The single ownership rule introduced earlier can satisfy our memory allocation and use requirements in most scenarios, and the Rust borrow checker can perform static checking during compilation, without affecting runtime efficiency.

However, there are always exceptions to rules. How should we handle some special cases in daily work?

  • In a directed acyclic graph (DAG), a node may be pointed to by two or more nodes. How should this be expressed in the ownership model?
  • What should we do if multiple threads need to access the same shared memory?

We know that these problems are encountered only during program execution. During compilation, the static checks of ownership cannot handle them. Therefore, for better flexibility, Rust provides dynamic checks during runtime to meet the needs of special scenarios.

This is also the approach Rust takes to handle many problems: At compile time, handle most uses to ensure safety and efficiency; at runtime, handle scenarios that cannot be processed at compile time, sacrificing a bit of efficiency for flexibility. This approach is also reflected in static and dynamic dispatch and is well worth learning from.

So how does Rust perform dynamic checks at runtime? And how do dynamic checks at runtime align with static checks during compilation?

Rust’s answer is to use reference-counting smart pointers: Rc (Reference counter) and Arc (Atomic reference counter). It should be noted that Arc is not the same as the ARC (Automatic Reference Counting) found in ObjC/Swift, though they solve problems similarly through reference counting.

Rc #

Let’s look at Rc first. For some data structure T, we can create a reference count Rc, allowing it to have multiple owners.
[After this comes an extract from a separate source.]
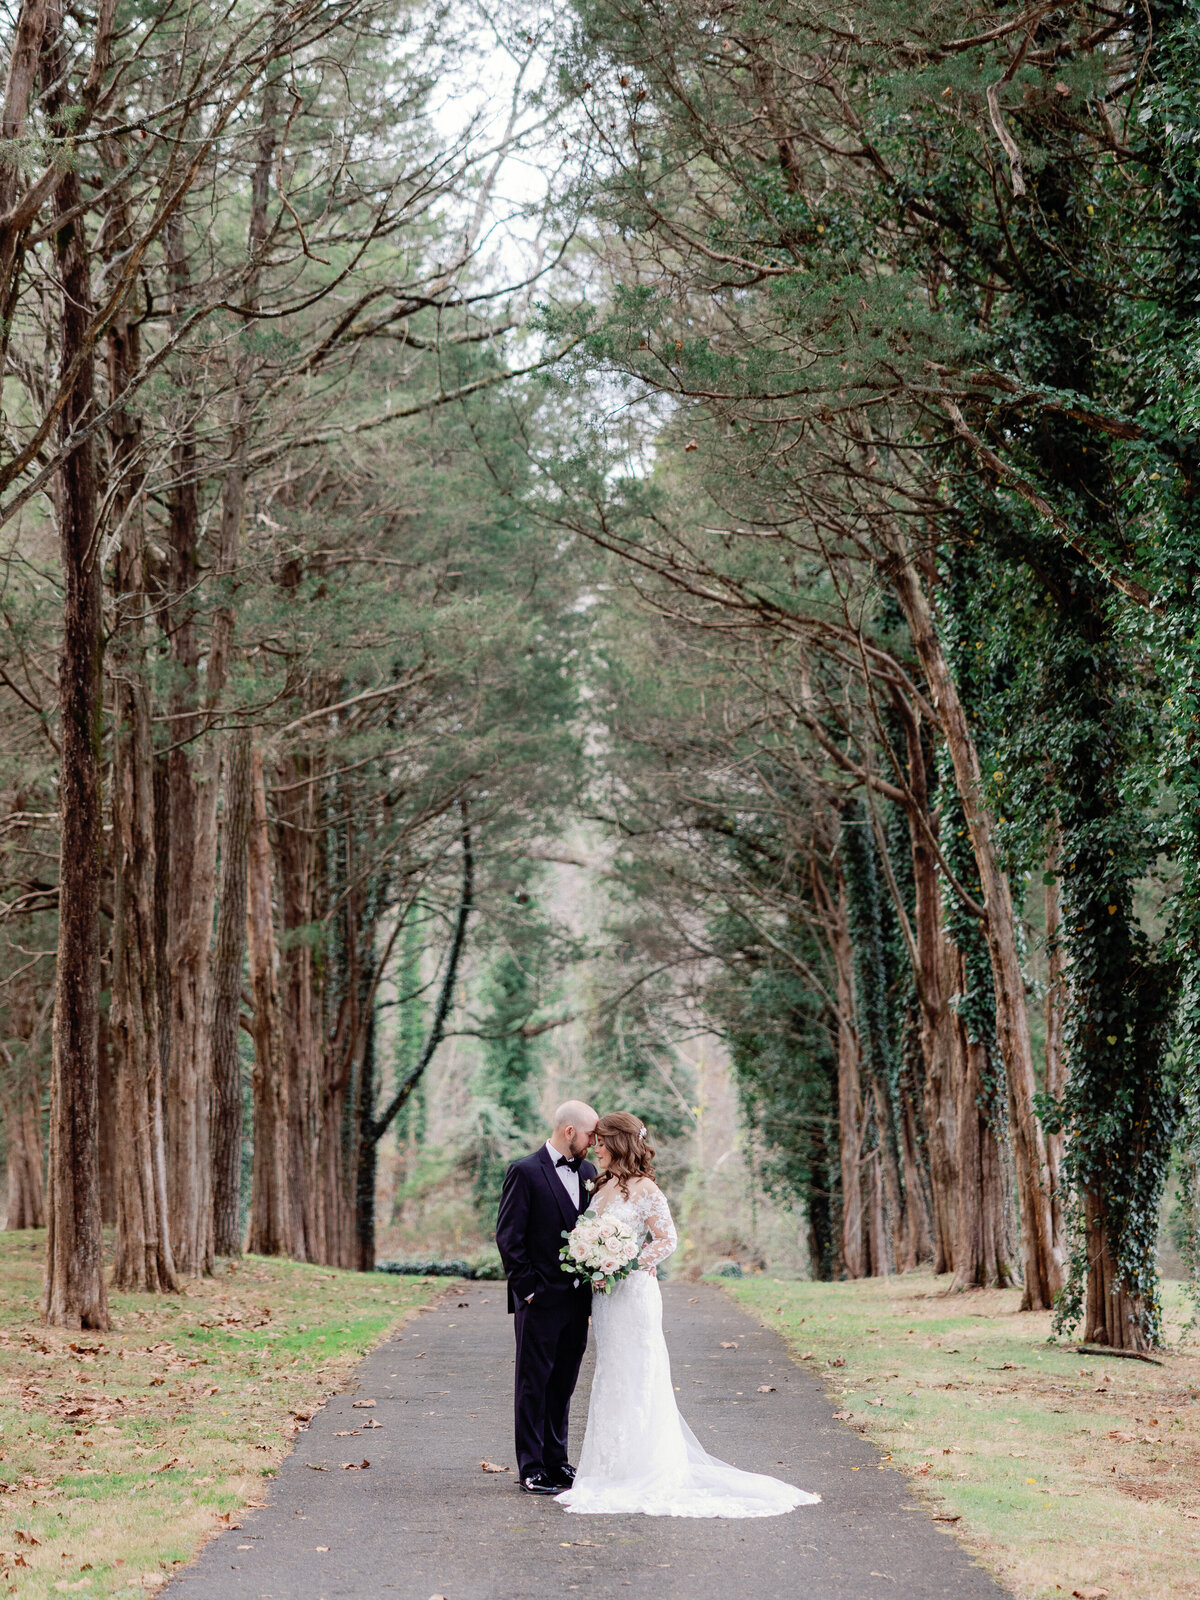 A bride and groom look lovingly at each other as they stand on a pathway underneath a parting of tall trees covered in green ivy

Rc places the corresponding data structure on the heap. As we mentioned in the second lecture, the heap is the only area where dynamically created data can be used everywhere.

use std::rc::Rc;
fn main() {    
  let a = Rc::new(1);
}

Afterwards, if you want to create more owners for the data, you can achieve this through clone().

Cloning an Rc structure does not copy its internal data; it only increases the reference count. And when an Rc structure leaves scope and is dropped, it just decreases the reference count until it reaches zero, at which point the corresponding memory is truly cleared.

use std::rc::Rc;
fn main() {
    let a = Rc::new(1);
    let b = a.clone();
    let c = a.clone();
}

In the code above, we created three Rc instances: a, b, and c. They all point to the same data on the heap, meaning the data on the heap now has three shared owners. When this code ends, c drops first, decreasing the reference count to 2, then b drops, and finally a drops, reducing the count to zero, and the memory on the heap is freed.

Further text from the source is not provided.